File Generating CMS
Posted: Thu Mar 01, 2007 10:07 pm
I'm a big fan of static HTML files. They're simple, self-contained, easily editable, i.e. don't have very much baggage associated with them. You can easily version control them with SVN, you have complete control over their structure, and they're fast.
But they obviously have their limitations: no dynamic content, no templates, no guards to make sure you write standards-compliant code, no syntax highlighting, etc. To combat this problems, most CMSes out there have taken to redirecting all requests through PHP files, which generate the HTML on the fly and serve it to the browser. If you're lucky, you'll have a single PHP front-controller where all the requests get redirected.
I would like to propose a different approach: use Apache and htaccess as your front controller, and have it serve static HTML files, calling a PHP file to generate the HTML from a source XHTML file whenever some parameter is met.
Example:
You have demo.xhtml, which is your source file. It is a well-formed XHTML document, probably importing a few other namespaces which our post-processor will handle. Let's say it contains some text, uses <q> tags for quotations, contains the website's common header, and has some programming code.
When Apache receives a request for http://www.example.com/demo.html, a file which does not currently exist. So, Apache forwards the request along to main.php, our 404 handler and also our main application entry point. It takes the requested URI and translates it into a source file, tests if the source file exists, and then takes the source and processes it: it canonicalizes URIs from index.xhtml to index.html, it replaces <q> tags with curly quotes, it substitutes in the header, and it runs Geshi on the programming code (all of this done with the help of DOM and XPath). Then, it spits it into the new HTML file and serves the data itself.

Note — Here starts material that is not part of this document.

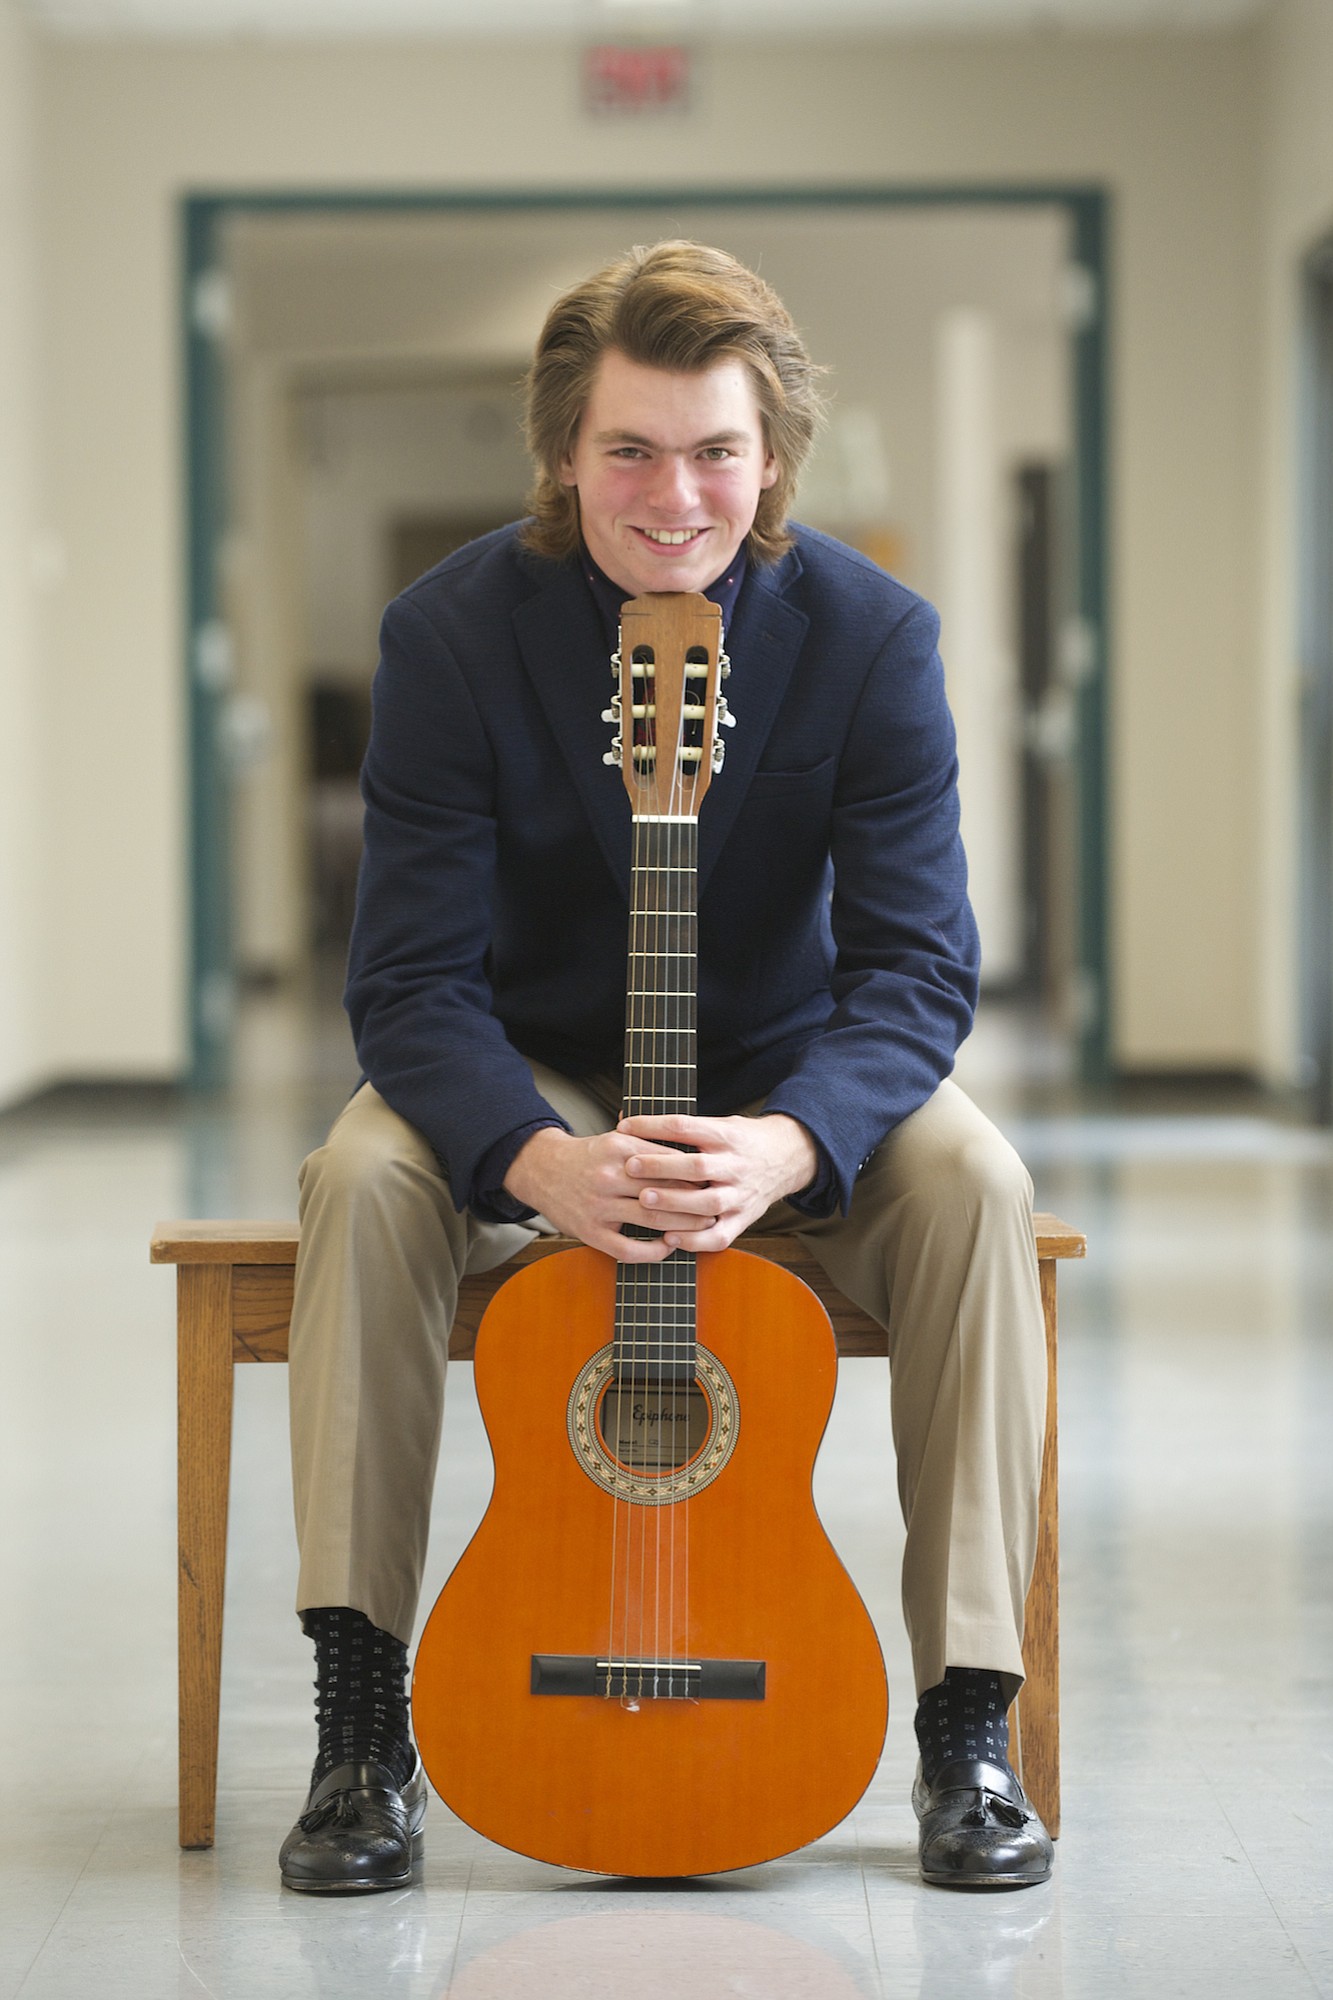 Blake Johnston from La Center High School is a stellar student and musician.

The next time a client requests the file, Apache will direct them straight to the static HTML: no fussing about necessary. When the source XHTML gets updated, delete the compiled HTML and let the 404 handler do its magic. You could also set up a cron job to compare filemtime() between the source files, or set up a special GET flag that flushes the cache.
(End example)
This is by no means meant to replace dynamic systems, if you route everything through a PHP file you end up with a standard front-controller with filesystem caching CMS, but using this method we harness the power of Apache and mod_rewrite and let it take care of caching for us, gaining the convenience of PHP processing while removing the overhead.

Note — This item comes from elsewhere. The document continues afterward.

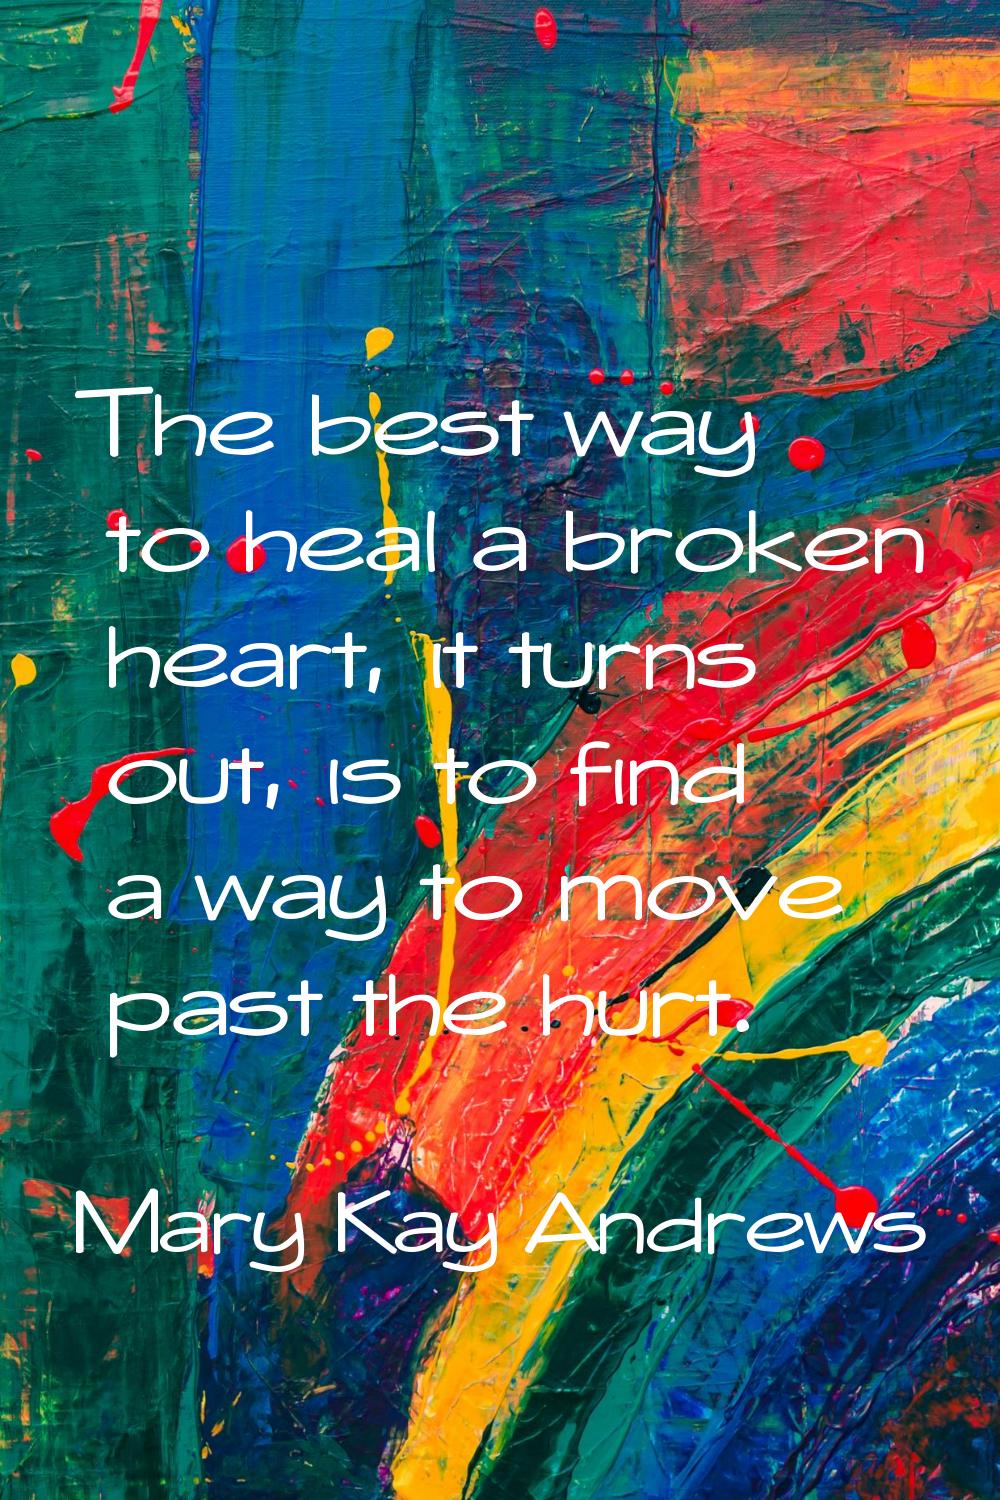 The best way to heal a broken heart, it turns out, is to find a way to move past the hurt.

So... thoughts? Comments? Prior art?
But they obviously have their limitations: no dynamic content, no templates, no guards to make sure you write standards-compliant code, no syntax highlighting, etc. To combat this problems, most CMSes out there have taken to redirecting all requests through PHP files, which generate the HTML on the fly and serve it to the browser. If you're lucky, you'll have a single PHP front-controller where all the requests get redirected.
I would like to propose a different approach: use Apache and htaccess as your front controller, and have it serve static HTML files, calling a PHP file to generate the HTML from a source XHTML file whenever some parameter is met.
Example:
You have demo.xhtml, which is your source file. It is a well-formed XHTML document, probably importing a few other namespaces which our post-processor will handle. Let's say it contains some text, uses <q> tags for quotations, contains the website's common header, and has some programming code.

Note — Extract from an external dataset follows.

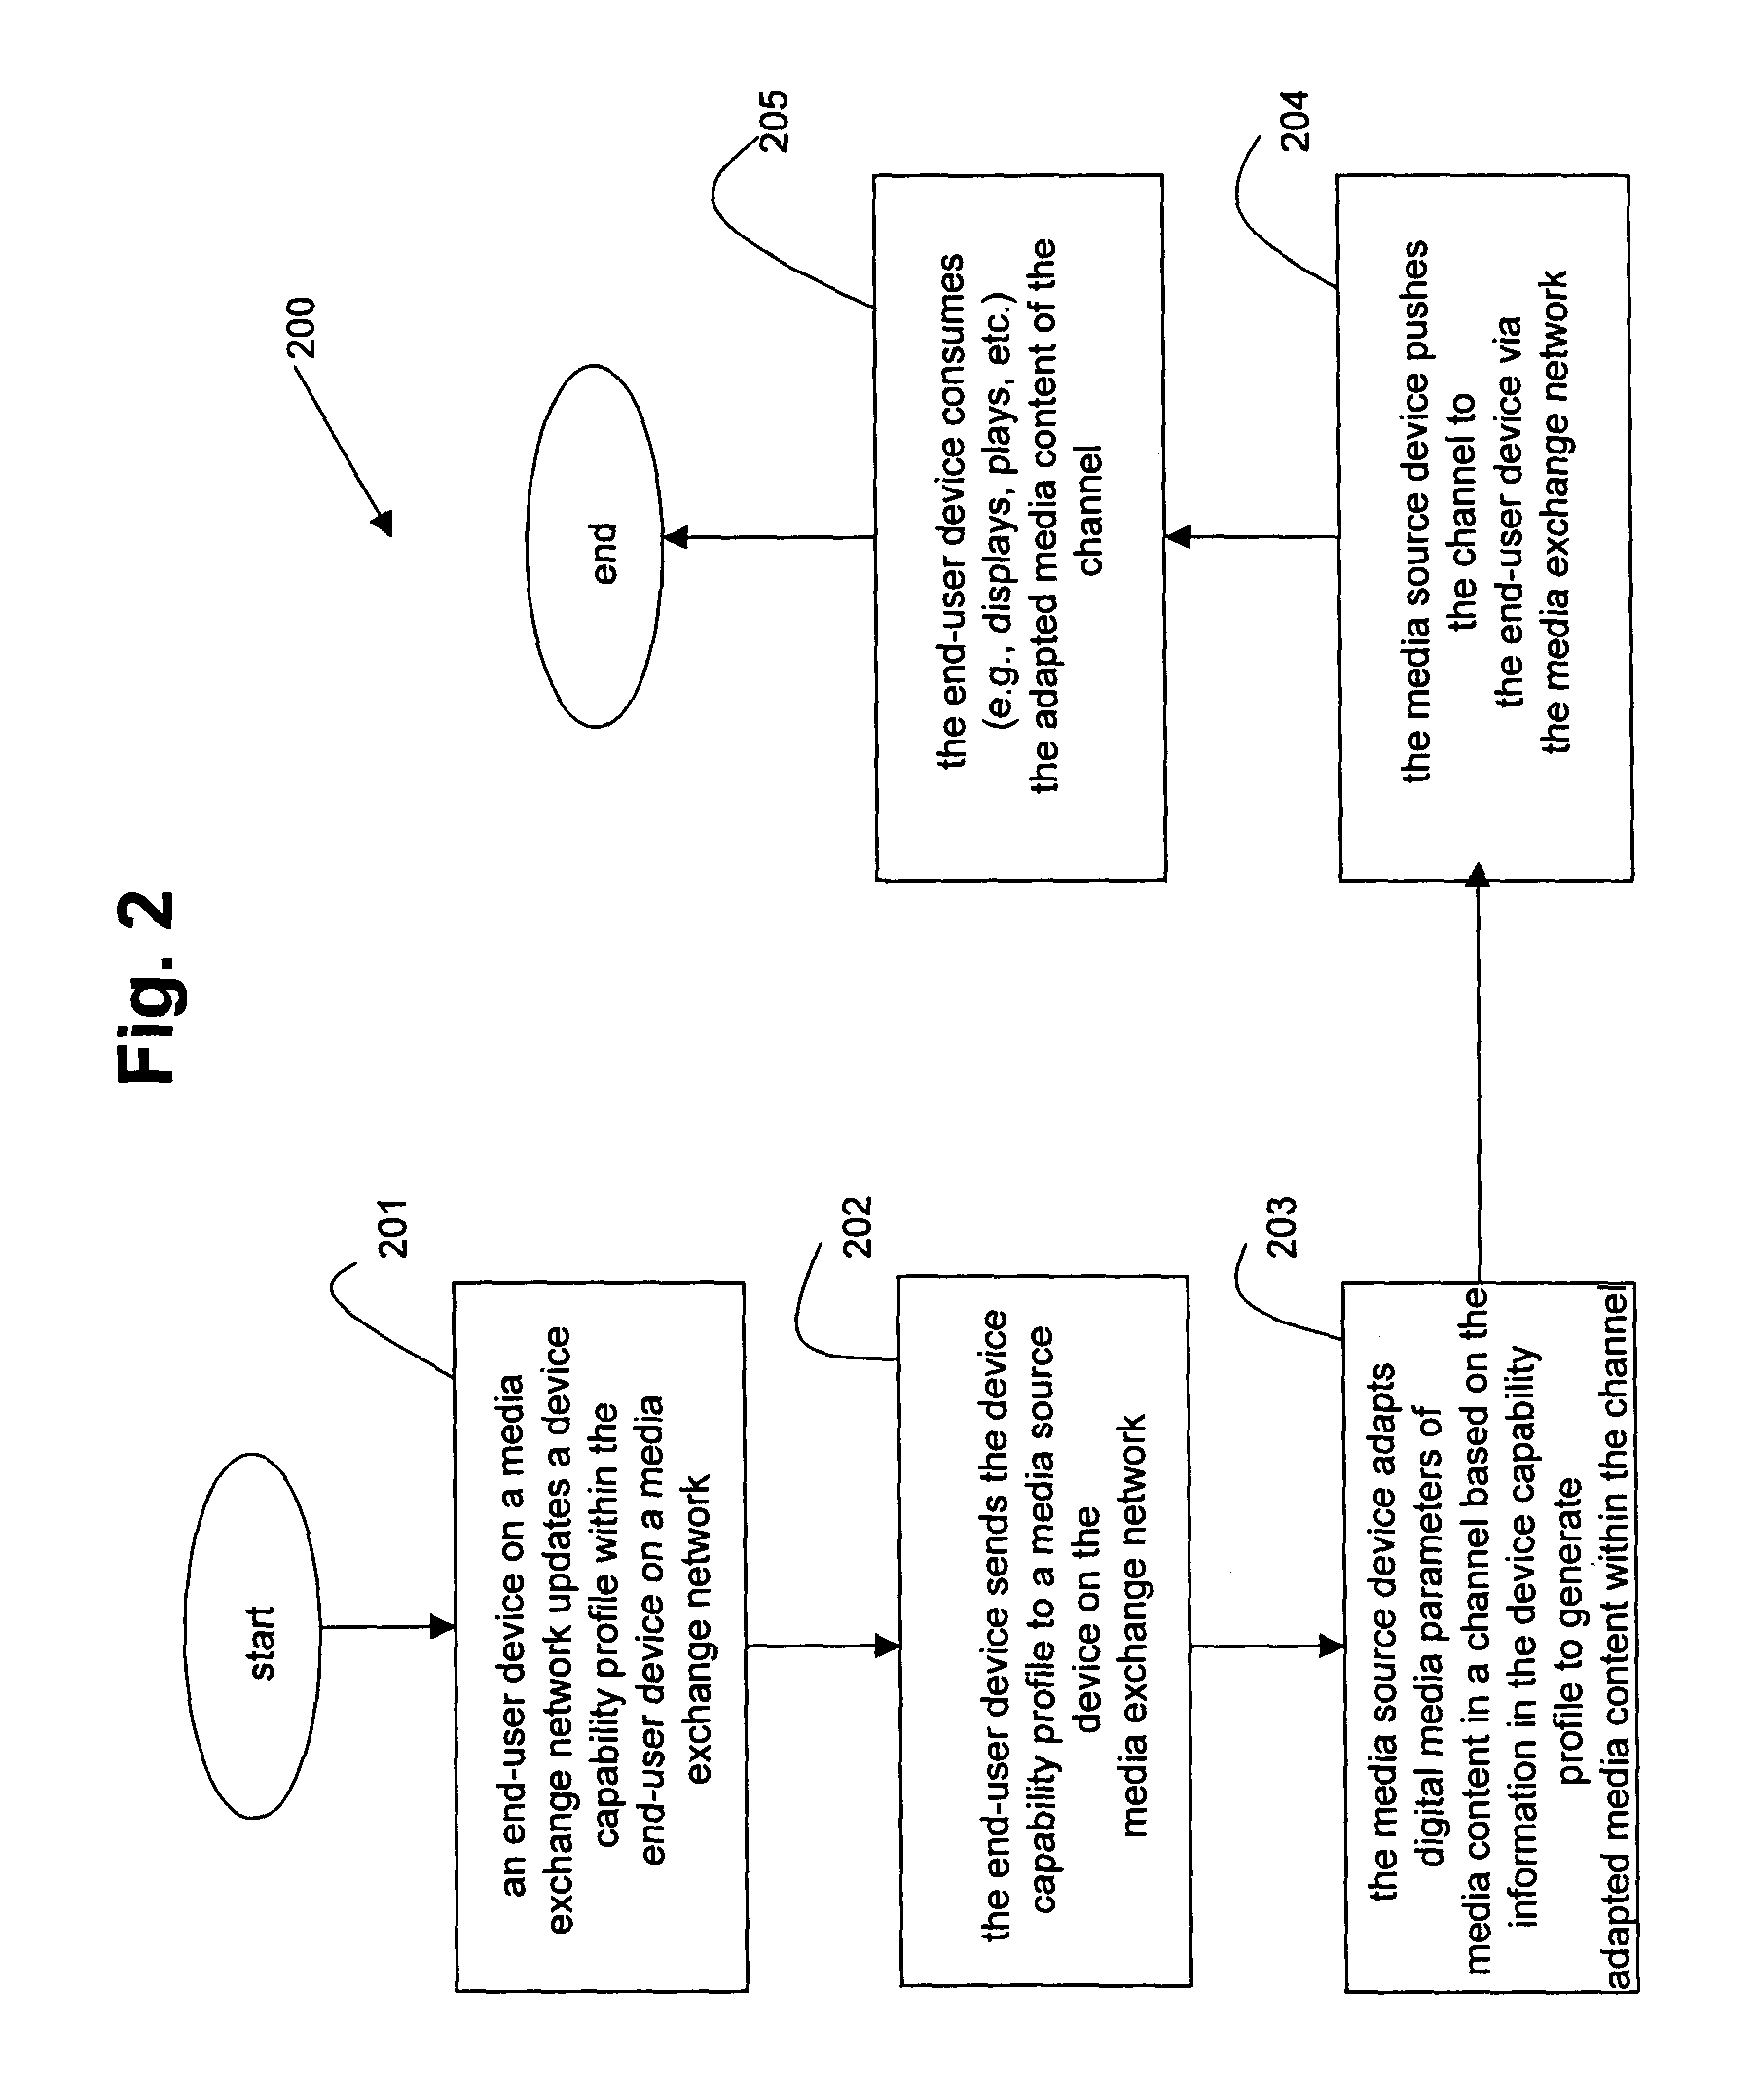 Media processing system supporting adaptive digital media parameters based on end-user viewing capabilities

When Apache receives a request for http://www.example.com/demo.html, a file which does not currently exist. So, Apache forwards the request along to main.php, our 404 handler and also our main application entry point. It takes the requested URI and translates it into a source file, tests if the source file exists, and then takes the source and processes it: it canonicalizes URIs from index.xhtml to index.html, it replaces <q> tags with curly quotes, it substitutes in the header, and it runs Geshi on the programming code (all of this done with the help of DOM and XPath). Then, it spits it into the new HTML file and serves the data itself.
The next time a client requests the file, Apache will direct them straight to the static HTML: no fussing about necessary. When the source XHTML gets updated, delete the compiled HTML and let the 404 handler do its magic. You could also set up a cron job to compare filemtime() between the source files, or set up a special GET flag that flushes the cache.
(End example)
This is by no means meant to replace dynamic systems, if you route everything through a PHP file you end up with a standard front-controller with filesystem caching CMS, but using this method we harness the power of Apache and mod_rewrite and let it take care of caching for us, gaining the convenience of PHP processing while removing the overhead.
So... thoughts? Comments? Prior art?